- About this task: Leaving out every picture, quote the data below exactly as it appears.

- Data block:
—————
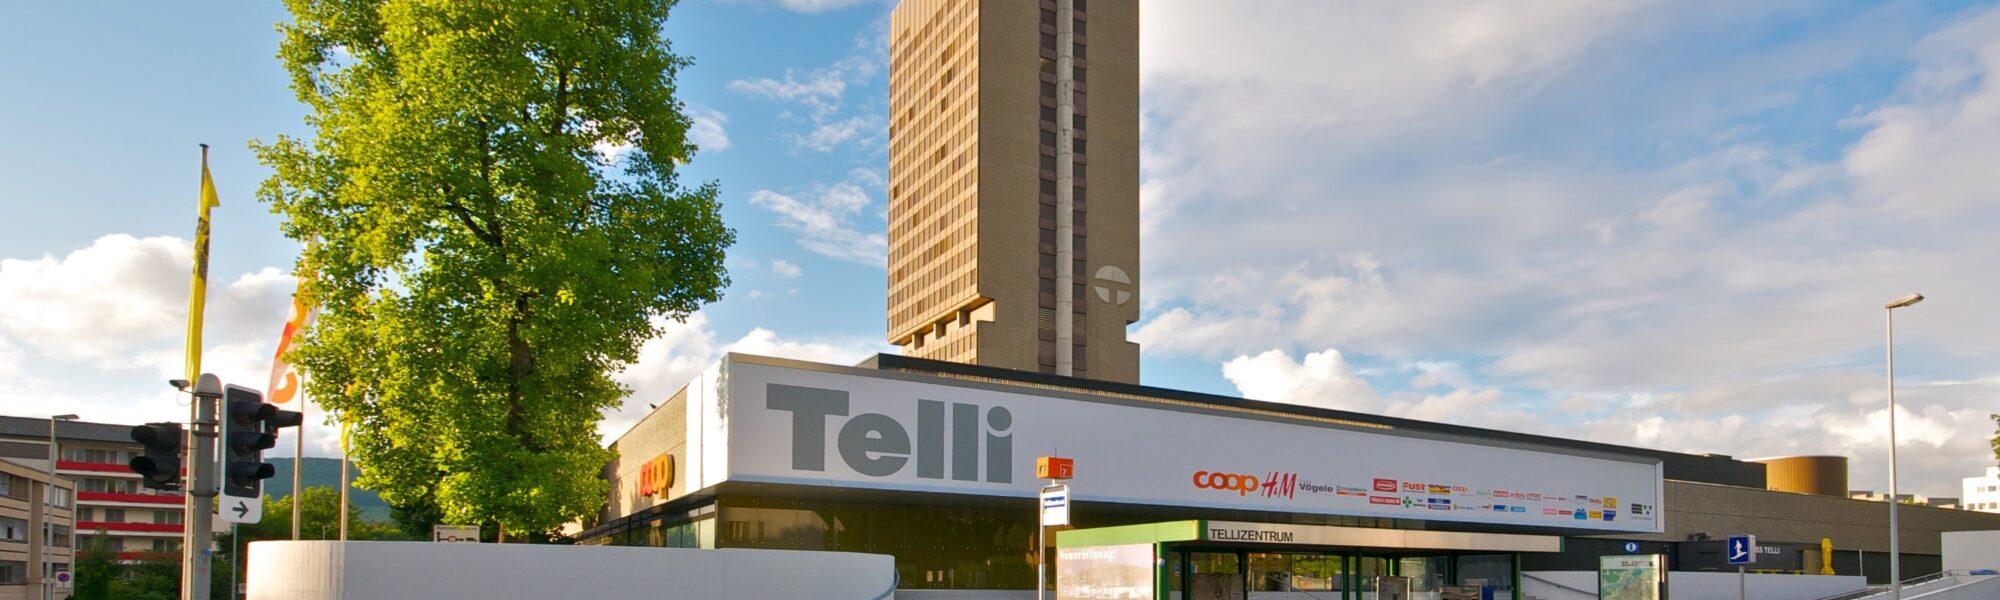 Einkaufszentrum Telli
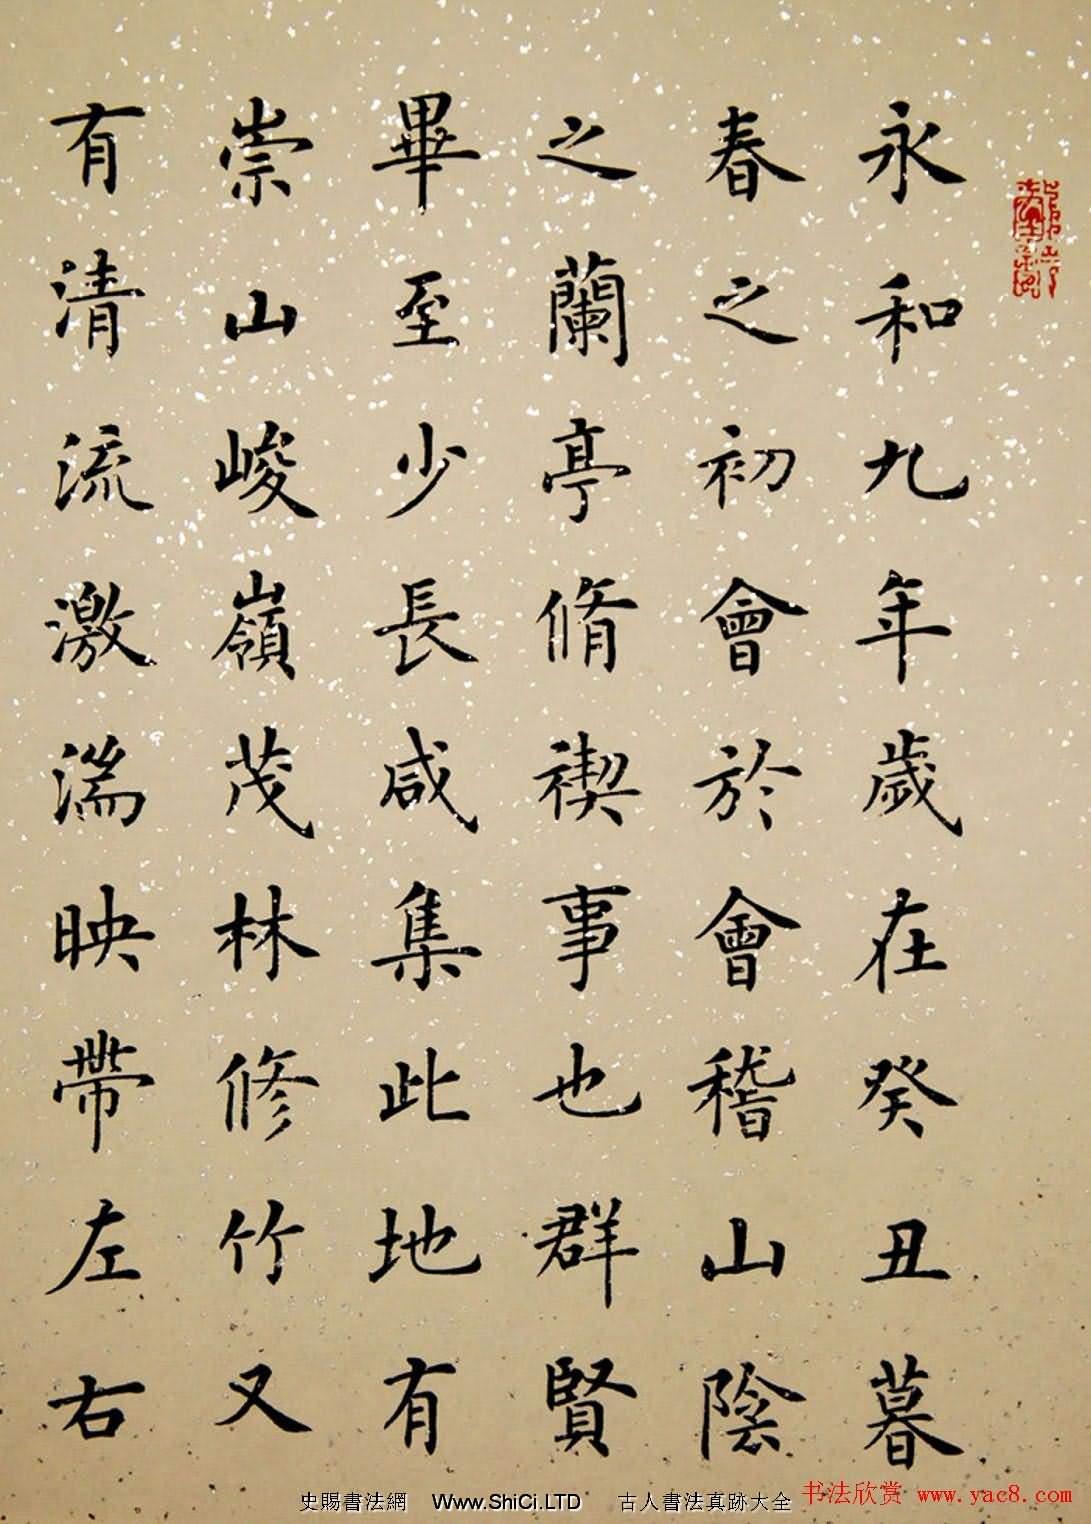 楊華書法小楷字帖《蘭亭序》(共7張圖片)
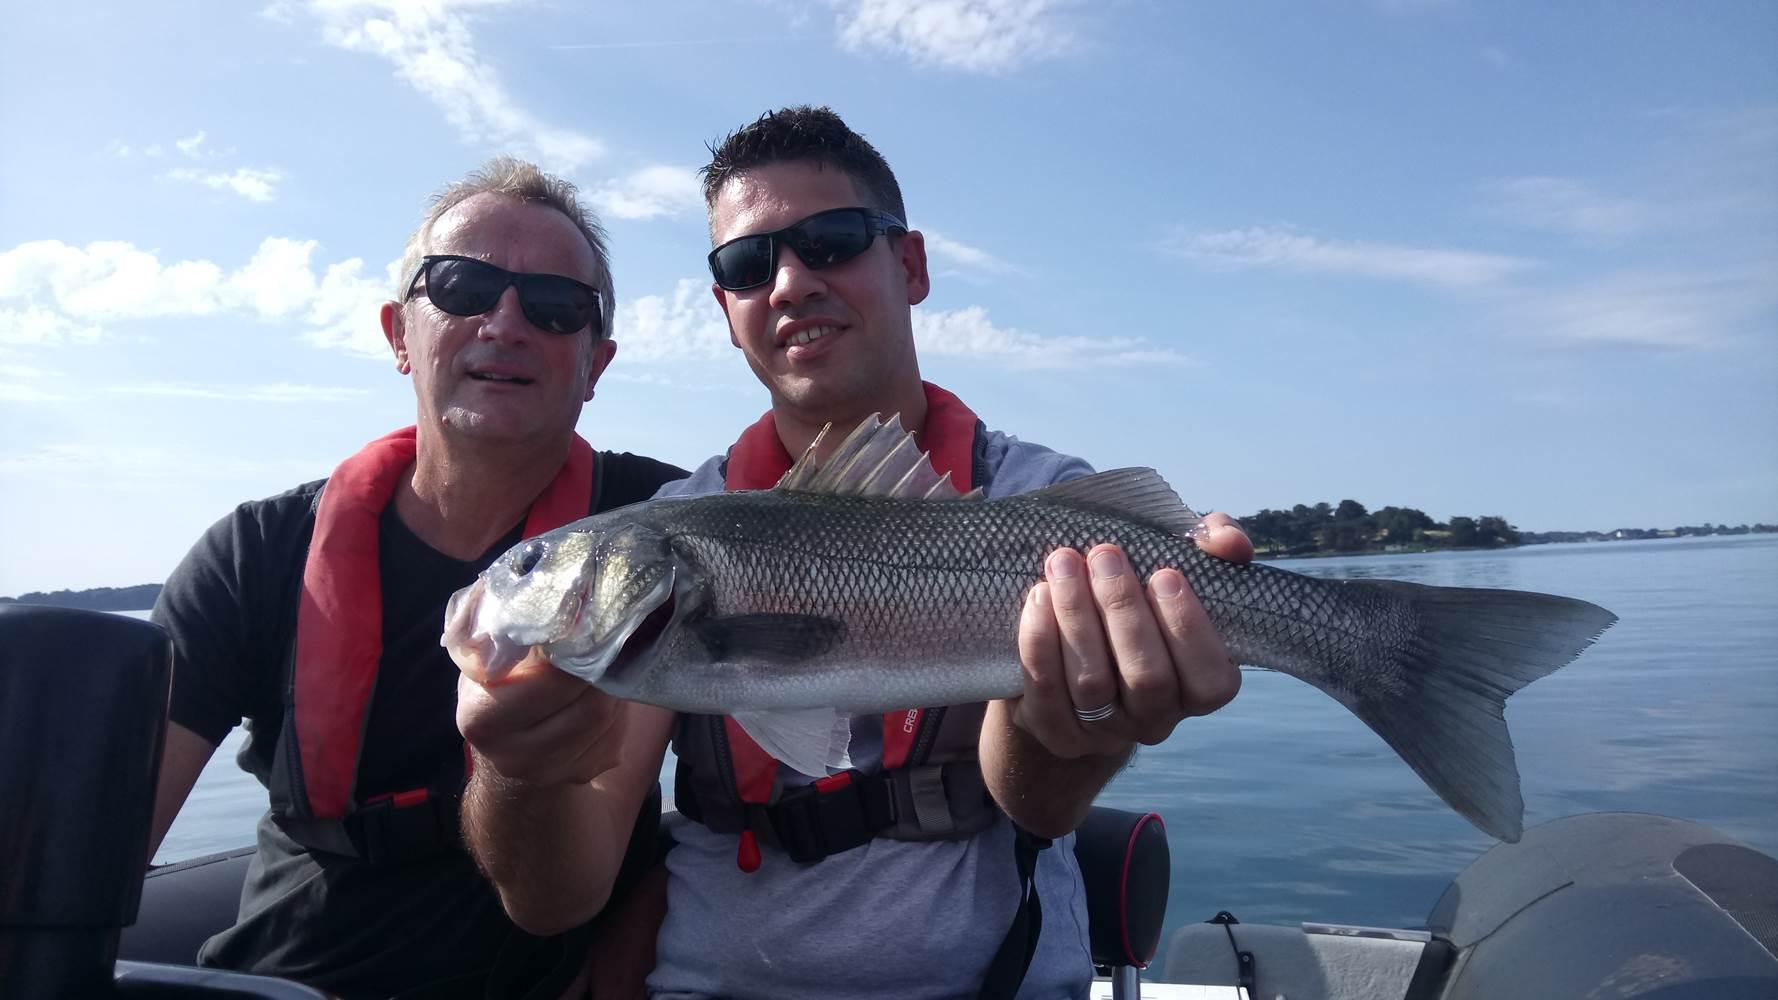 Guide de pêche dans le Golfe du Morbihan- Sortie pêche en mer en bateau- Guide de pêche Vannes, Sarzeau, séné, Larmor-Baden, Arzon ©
—————
- Expected answer:
 Einkaufszentrum Telli
 楊華書法小楷字帖《蘭亭序》(共7張圖片)
 Guide de pêche dans le Golfe du Morbihan- Sortie pêche en mer en bateau- Guide de pêche Vannes, Sarzeau, séné, Larmor-Baden, Arzon ©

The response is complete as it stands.